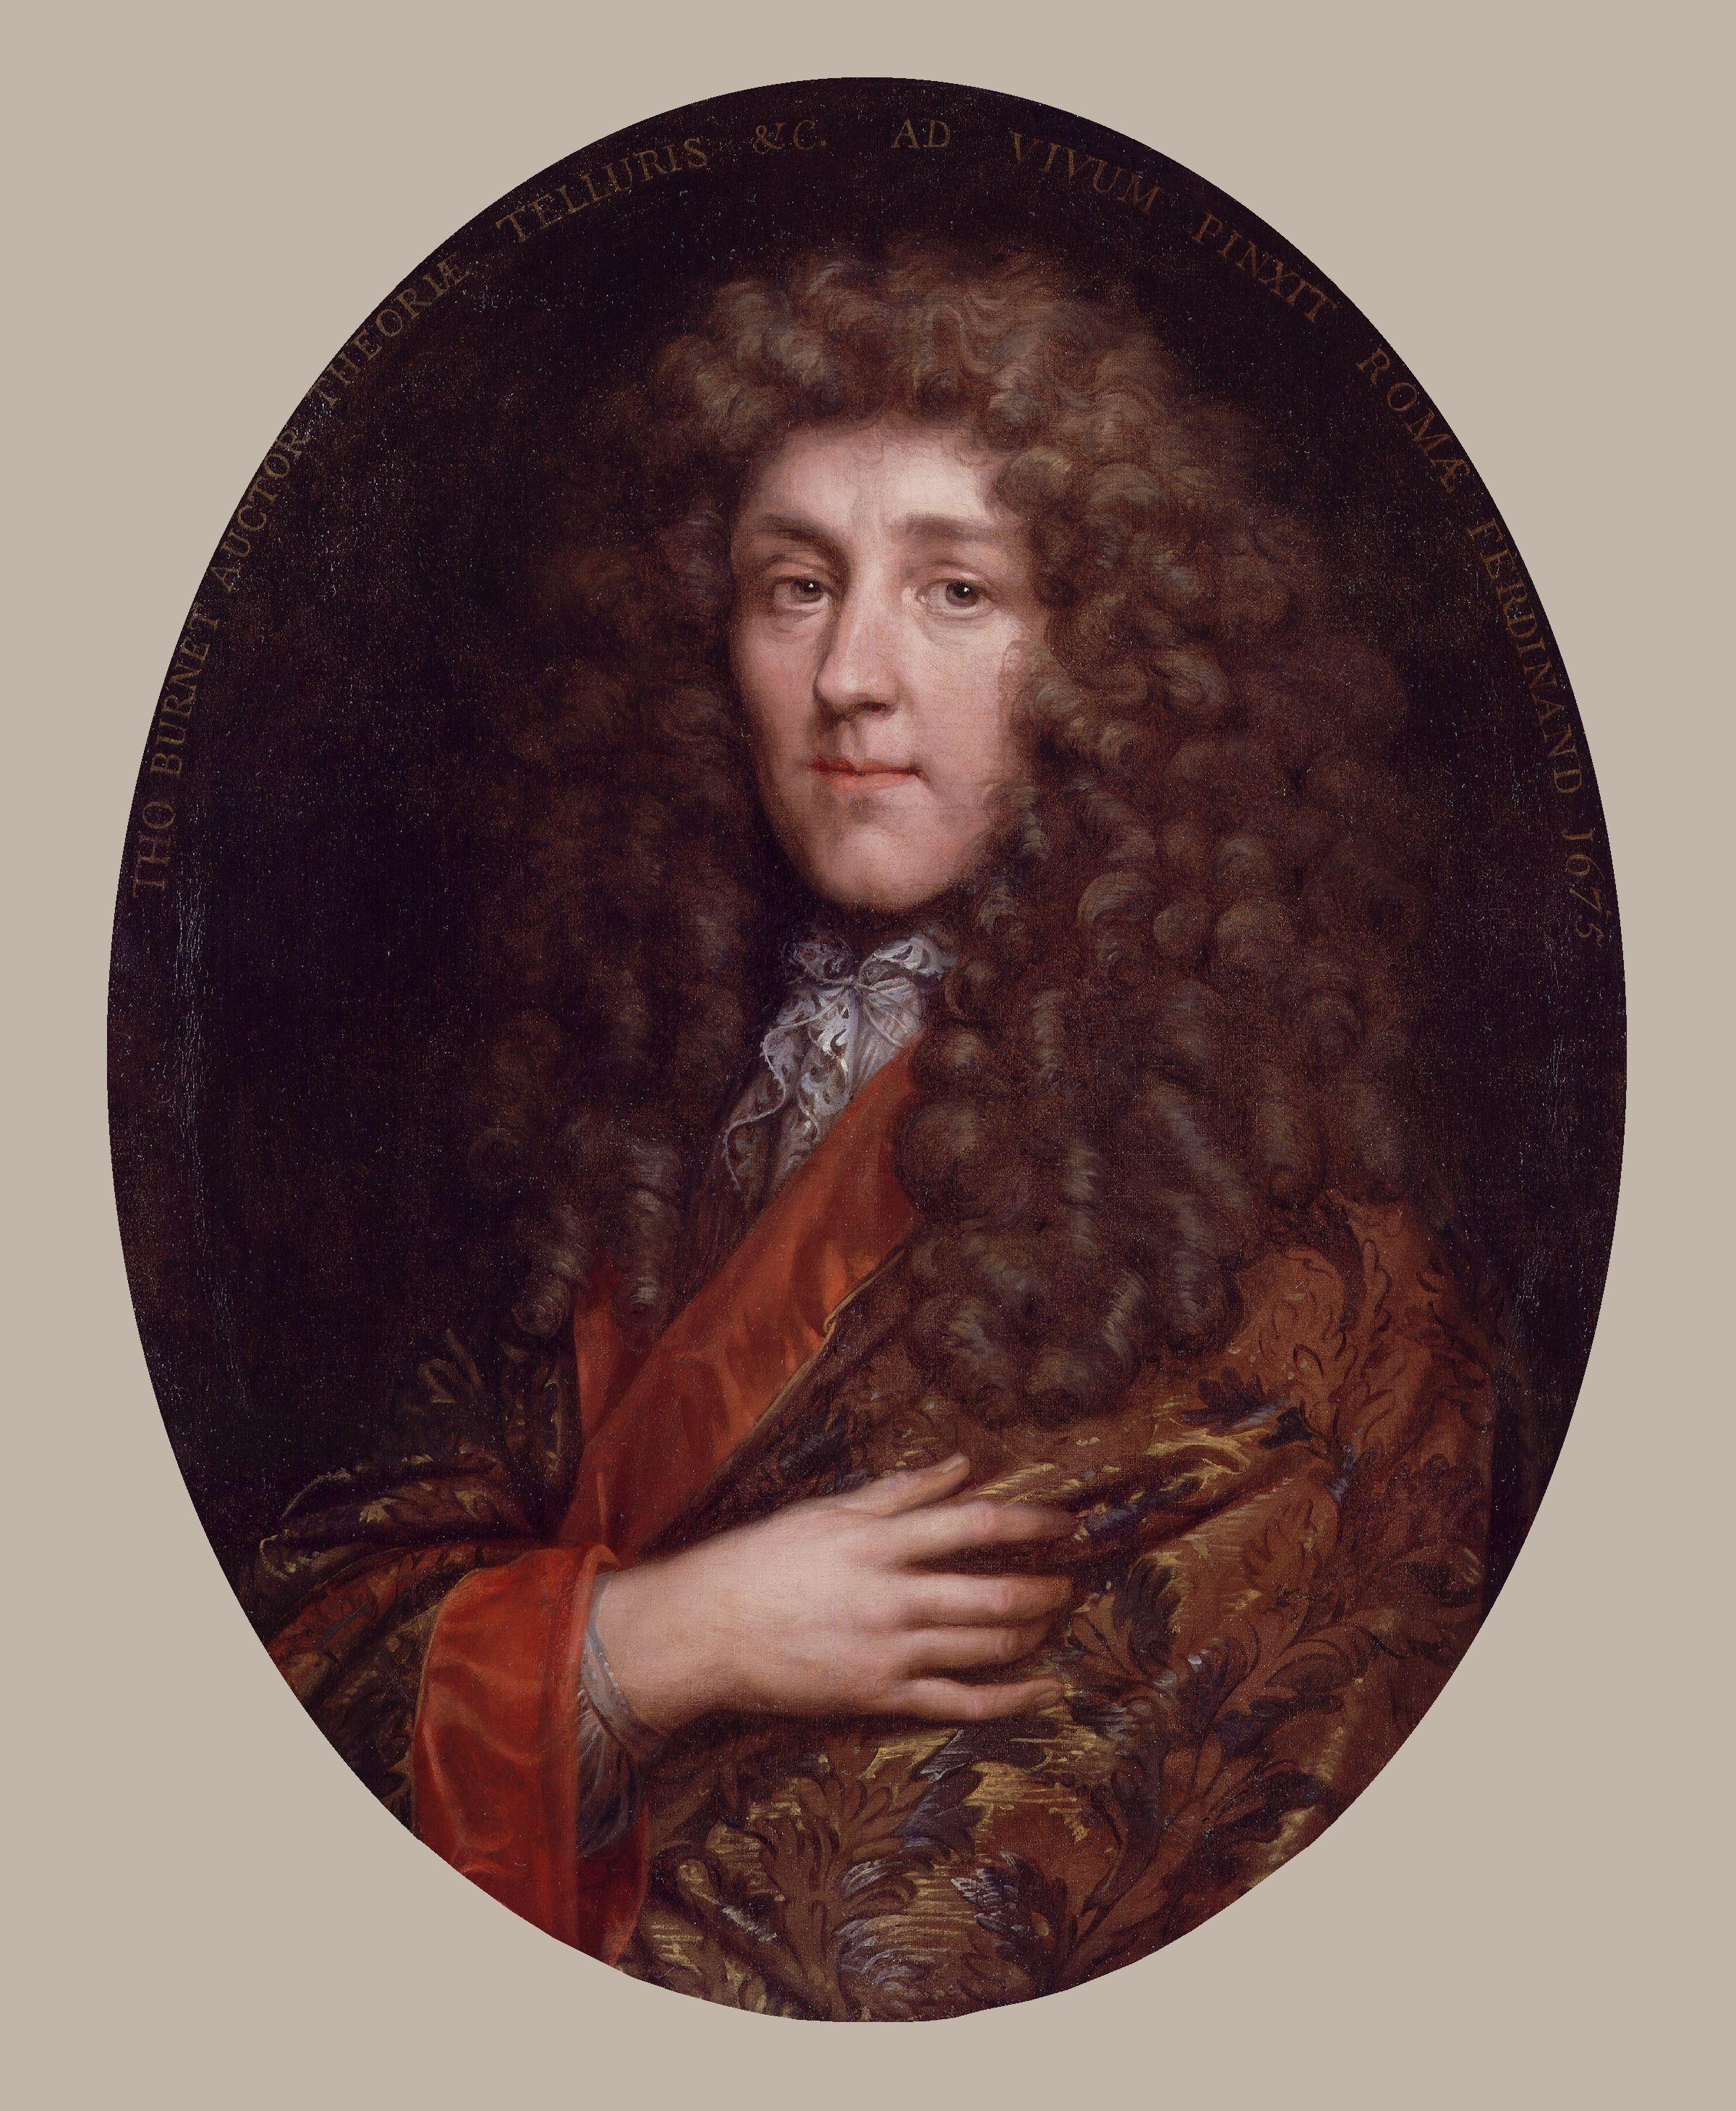 A portrait of Thomas Burnet
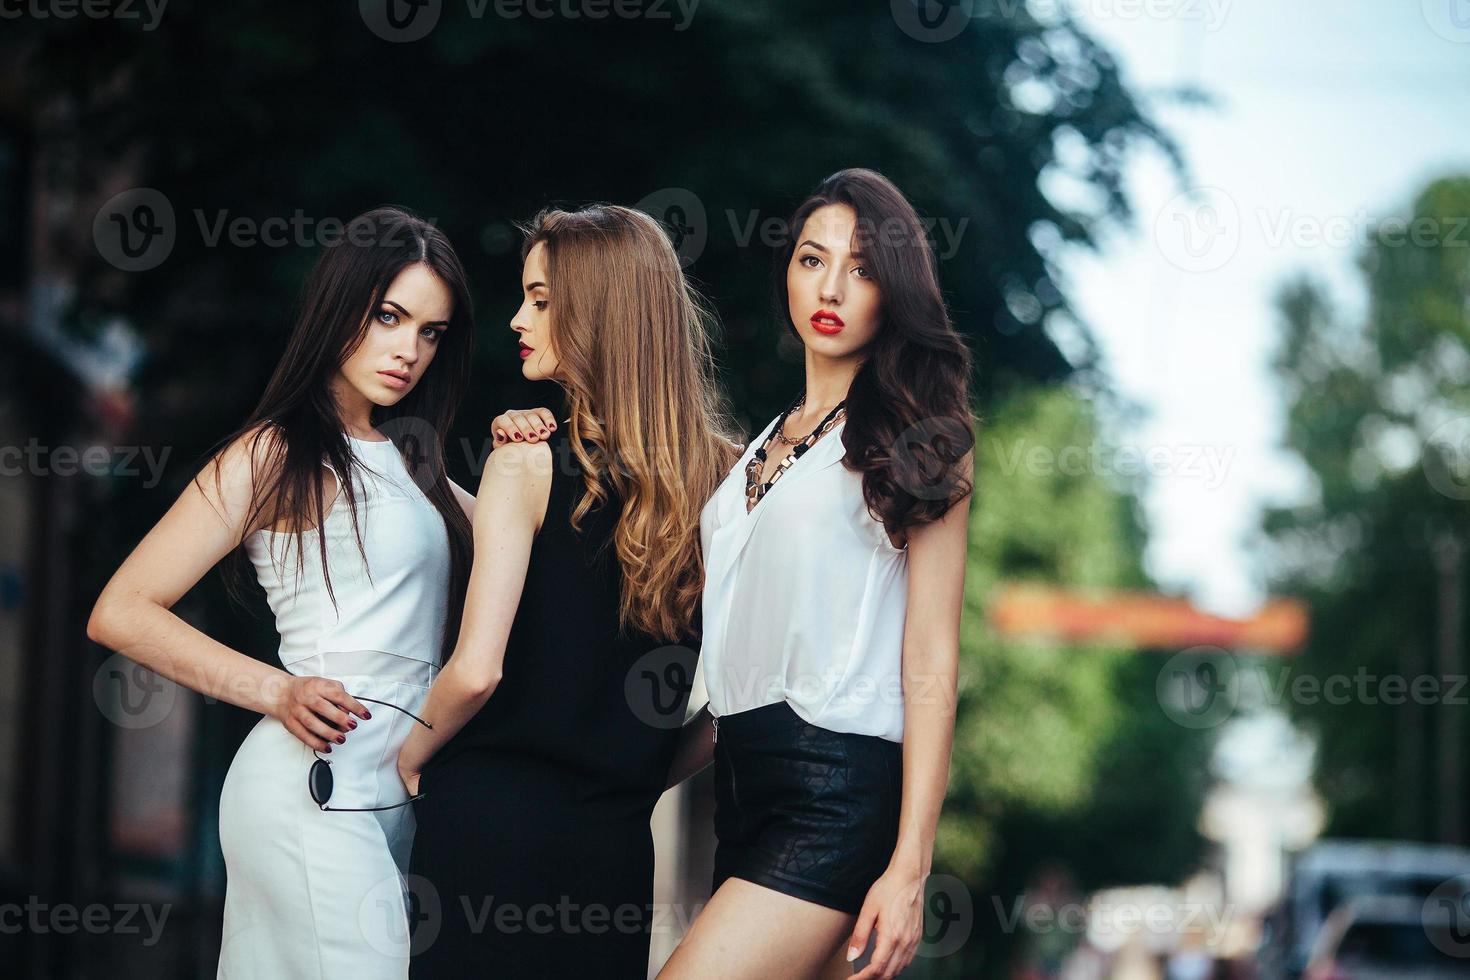 mooi meisjes poseren in een stad straat foto
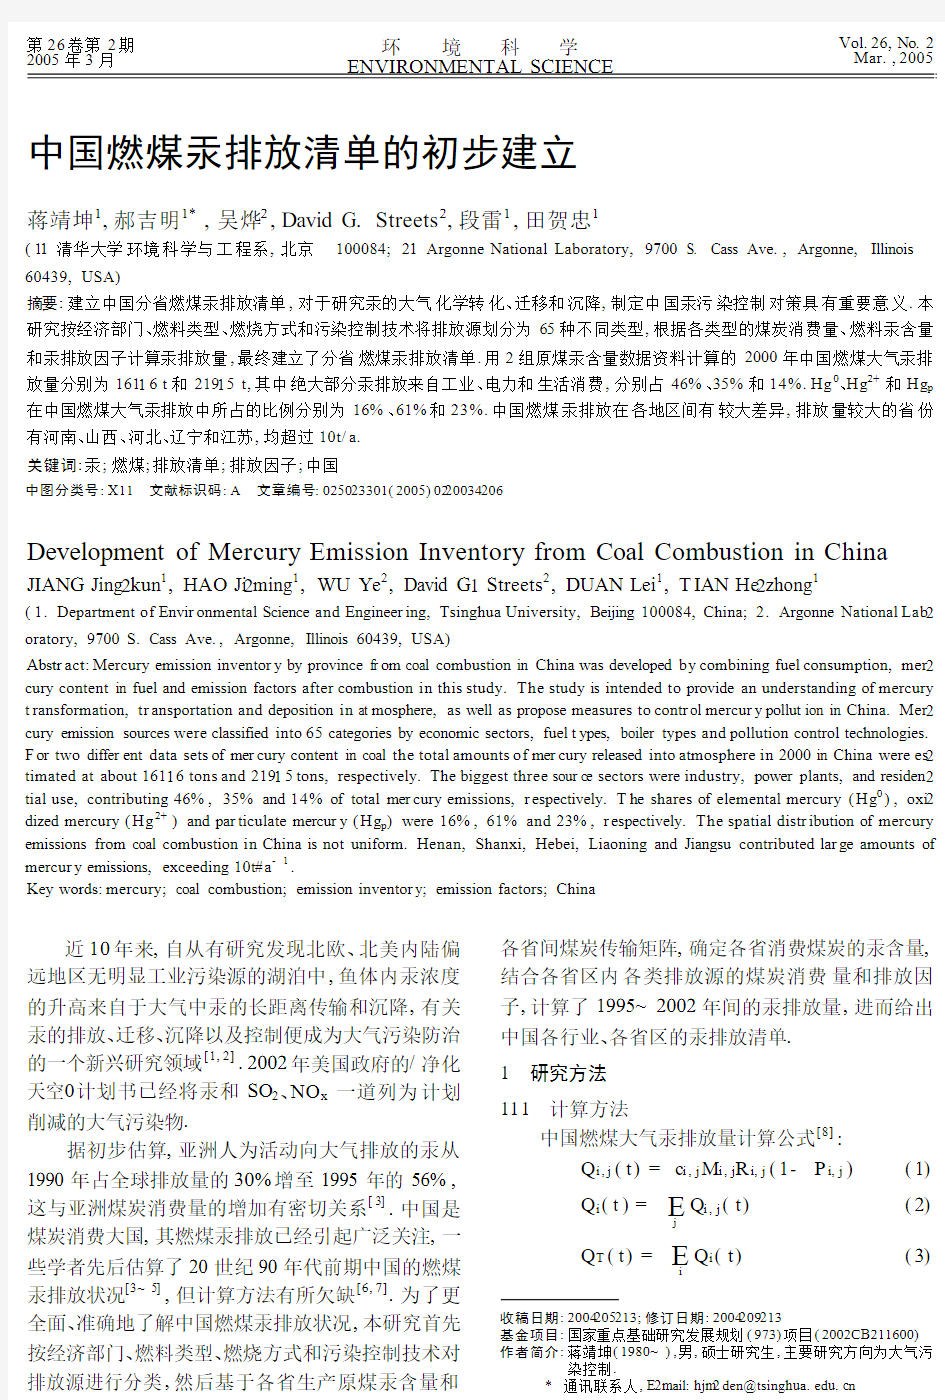 中国燃煤汞排放清单的初步建立
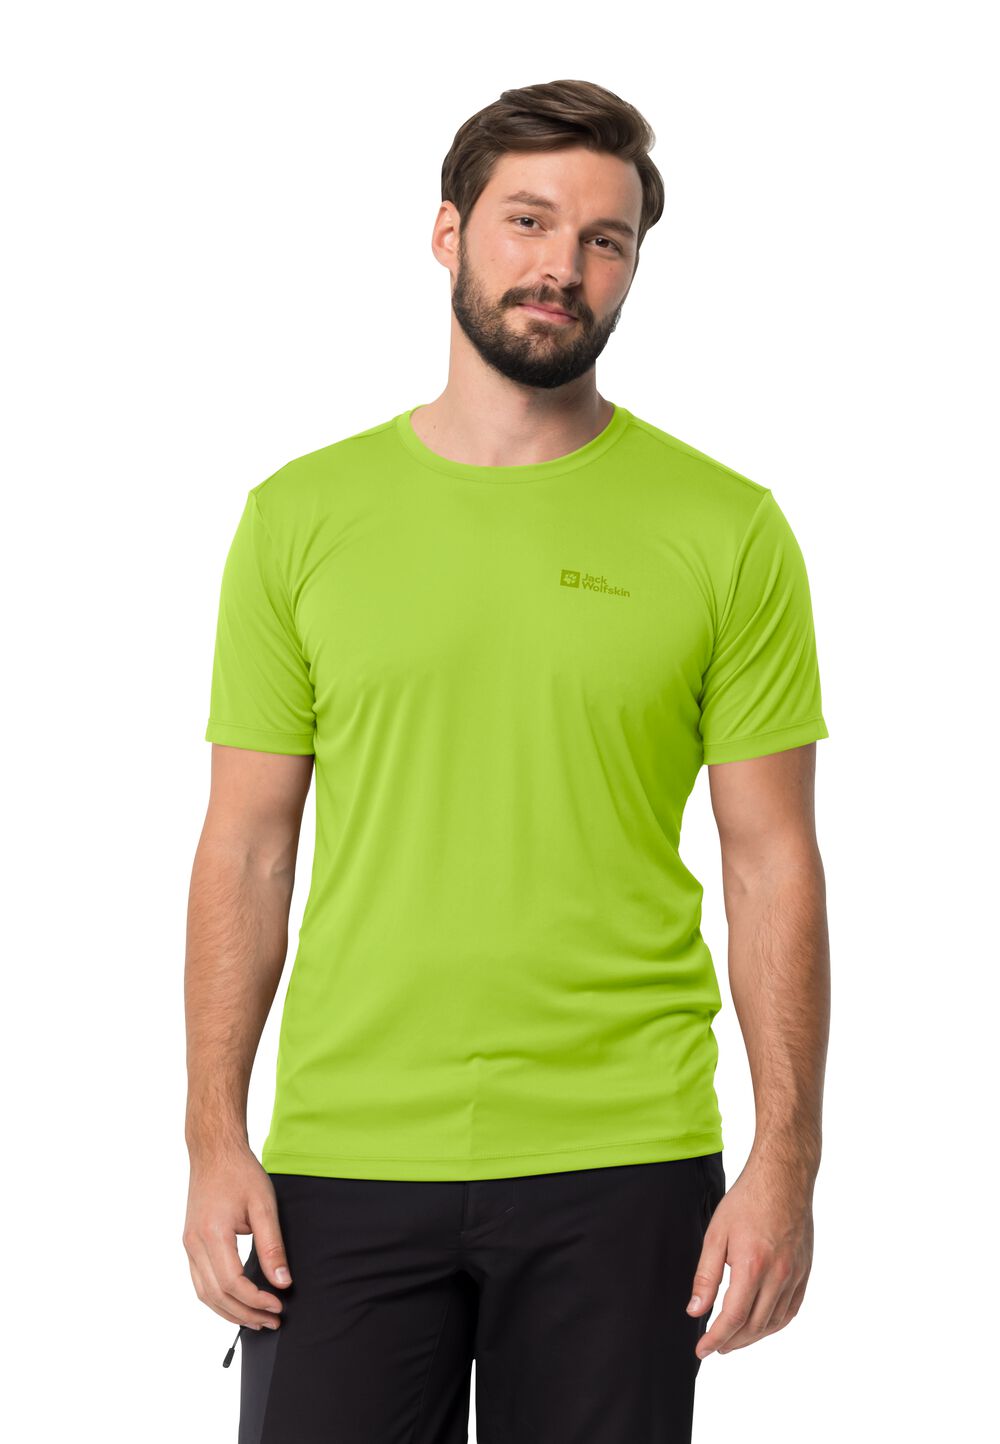 Jack Wolfskin Funktionsshirt Herren Tech T-Shirt Men S fresh green fresh green von Jack Wolfskin

* _PROBLEM_:
Repeat the listing verbatim, pictures excluded.

* _REPLY_:
 A portrait of Thomas Burnet
 mooi meisjes poseren in een stad straat foto
 中国燃煤汞排放清单的初步建立
 Jack Wolfskin Funktionsshirt Herren Tech T-Shirt Men S fresh green fresh green von Jack Wolfskin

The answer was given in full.